Maybe Montana, instead?
They want to make absolutely sure that you're on board with this whole we-carry-bags-on-our-shoulders-because-we-are-strong thing. Their gift card graphic is an old-skool pinup style: http://www.redoxx.com/Red-Oxx-Merchandise/Pinup-Gift-Card/92113/190/Product
I question whether those arms could lift that bag, never mind just one arm. OTOH, maybe it only has the packing material in it?
Tom Bihn bags are a little tough to categorize, which may explain why their product descriptions have paragraph after paragraph -- honestly, they make me sound concise.
But they are prepared to call that a duffel, at least in part. I think the theory there was to produce something that exactly matched the specs for carry-on.
Also in Seattle. I believe my friend K. first brought these folks to my attention, around the time the first iPad came out and I was looking for a good bag for it (I loved the Timbuk2 -- also Seattle -- CandyBar, but retired it when I switched to the mini, which I'm on my second one of and I lllluuuuurve it because I can pretty much carry anything I want now without having to buy something special for the electronics. Win!).
These guys have created a table:
Their criteria appear to be as follows: D opening? Backpack straps? Not too heavy? Secondary criteria involve how hard is it to hook to a sled.
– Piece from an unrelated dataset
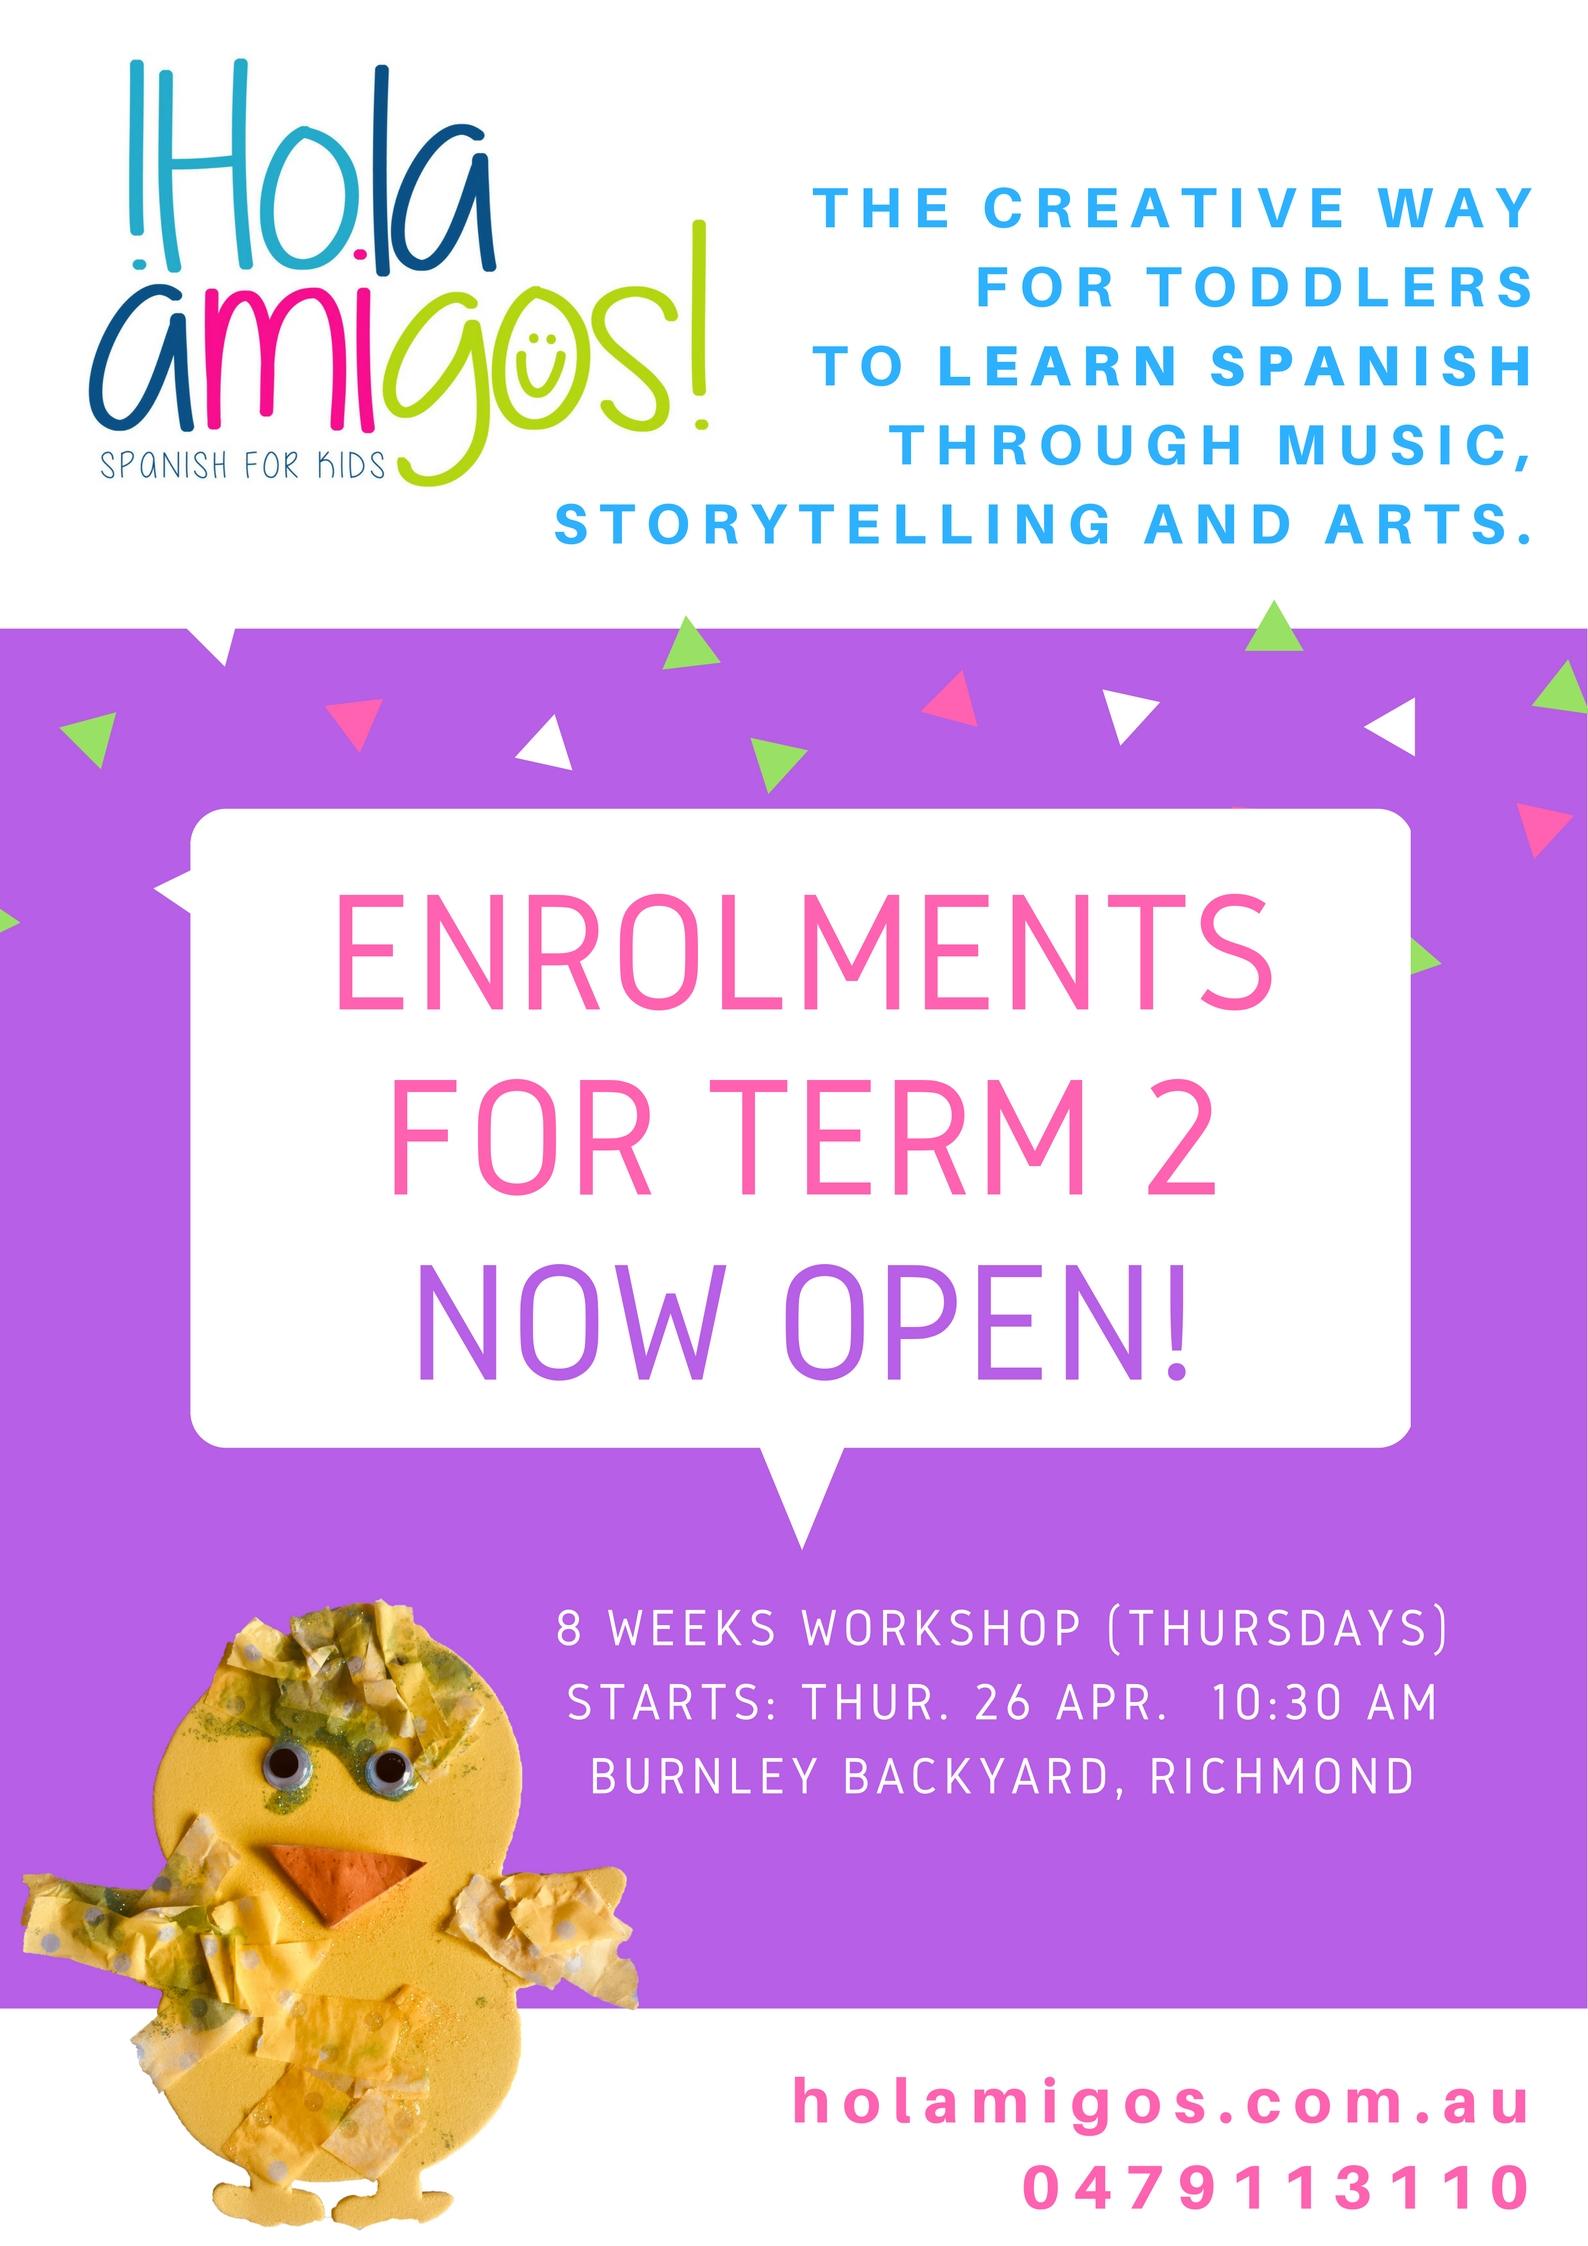 Richmond community learning centre holamigos spanish language spanish language class for kids m4hsunfo
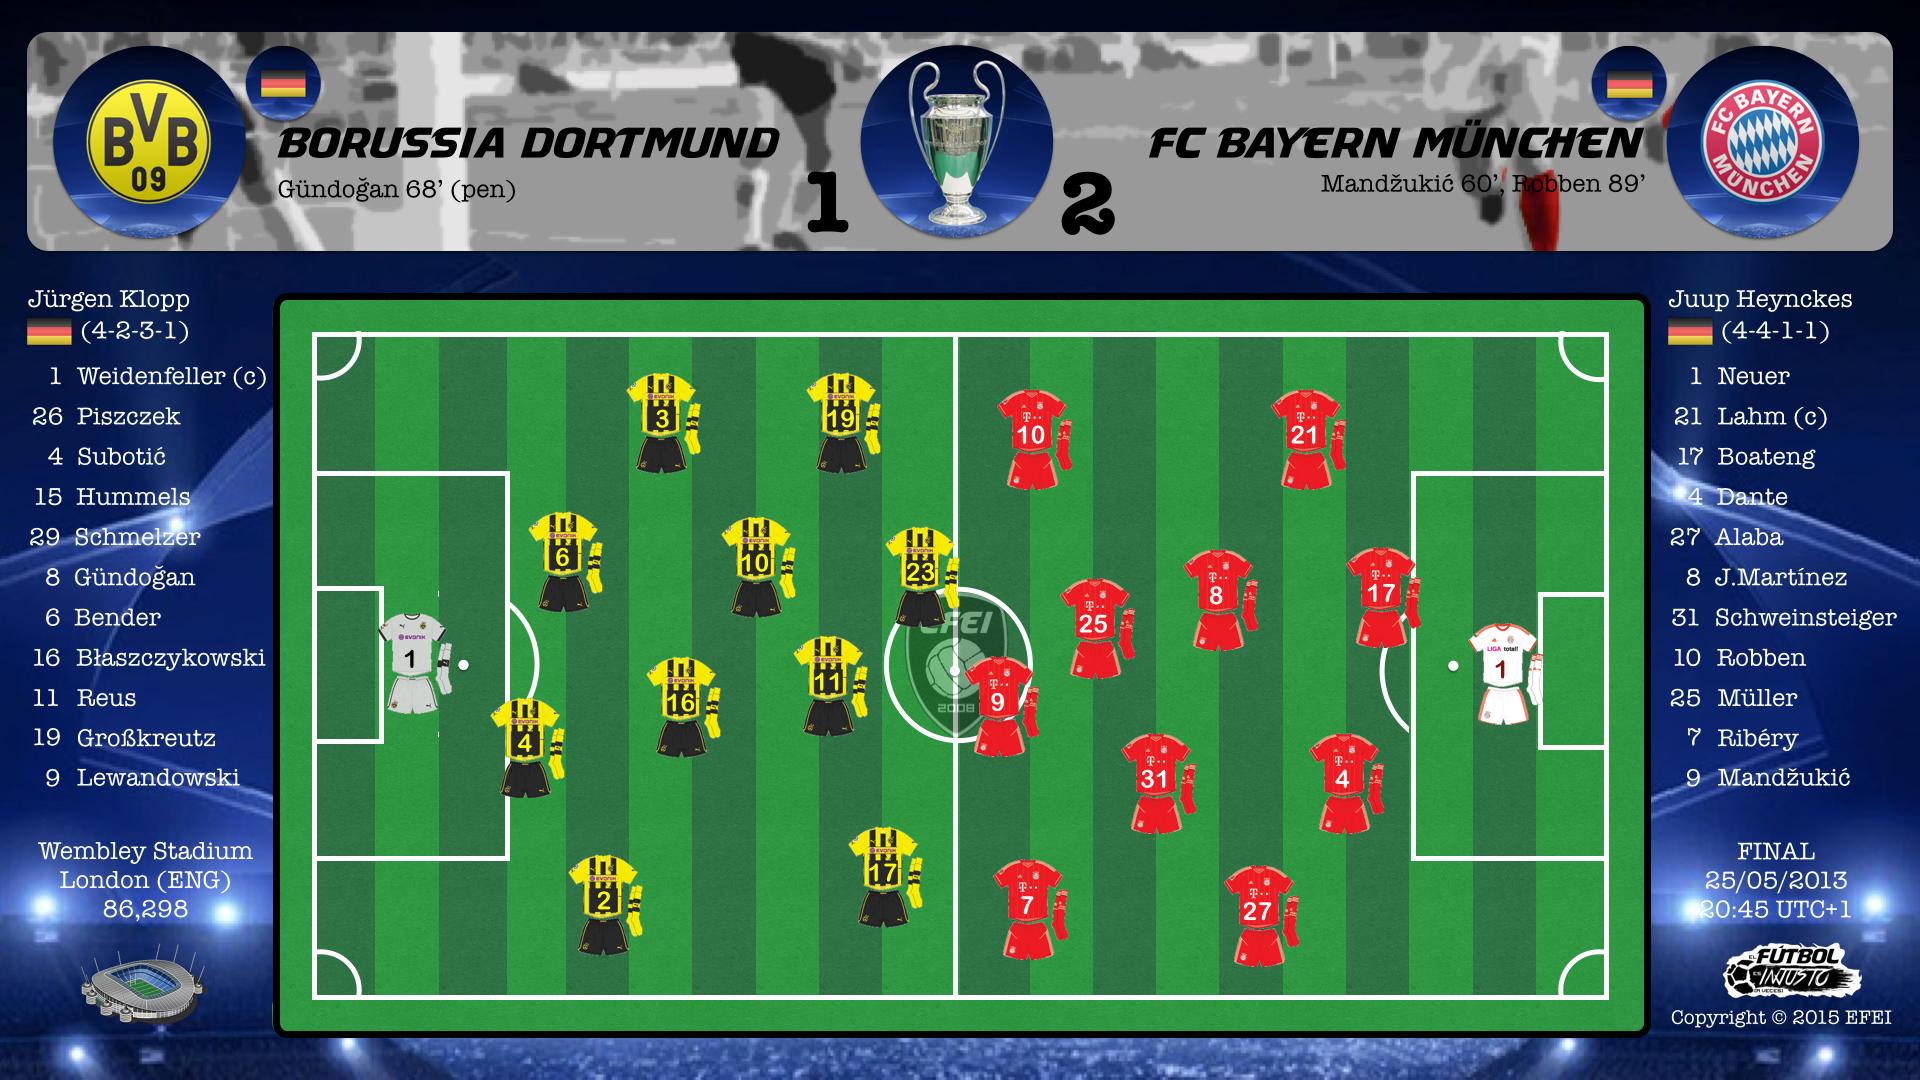 UEFA Champions League Final 2013 Borussia Dortmund Bayern München

I don't think these guys worry about whether it counts as oversize for checked or fits in the overhead.
And I'm going to stop now, because duffels are a whole "thing" where there are all these technical uses that are designed to, and then people just bring them to the gym or whatever. I don't get it at all, so other than pointing and going, wha? I have little to offer (in their favor, even highly technical duffels are quite inexpensive as luggage goes, and reusability does count for something, too).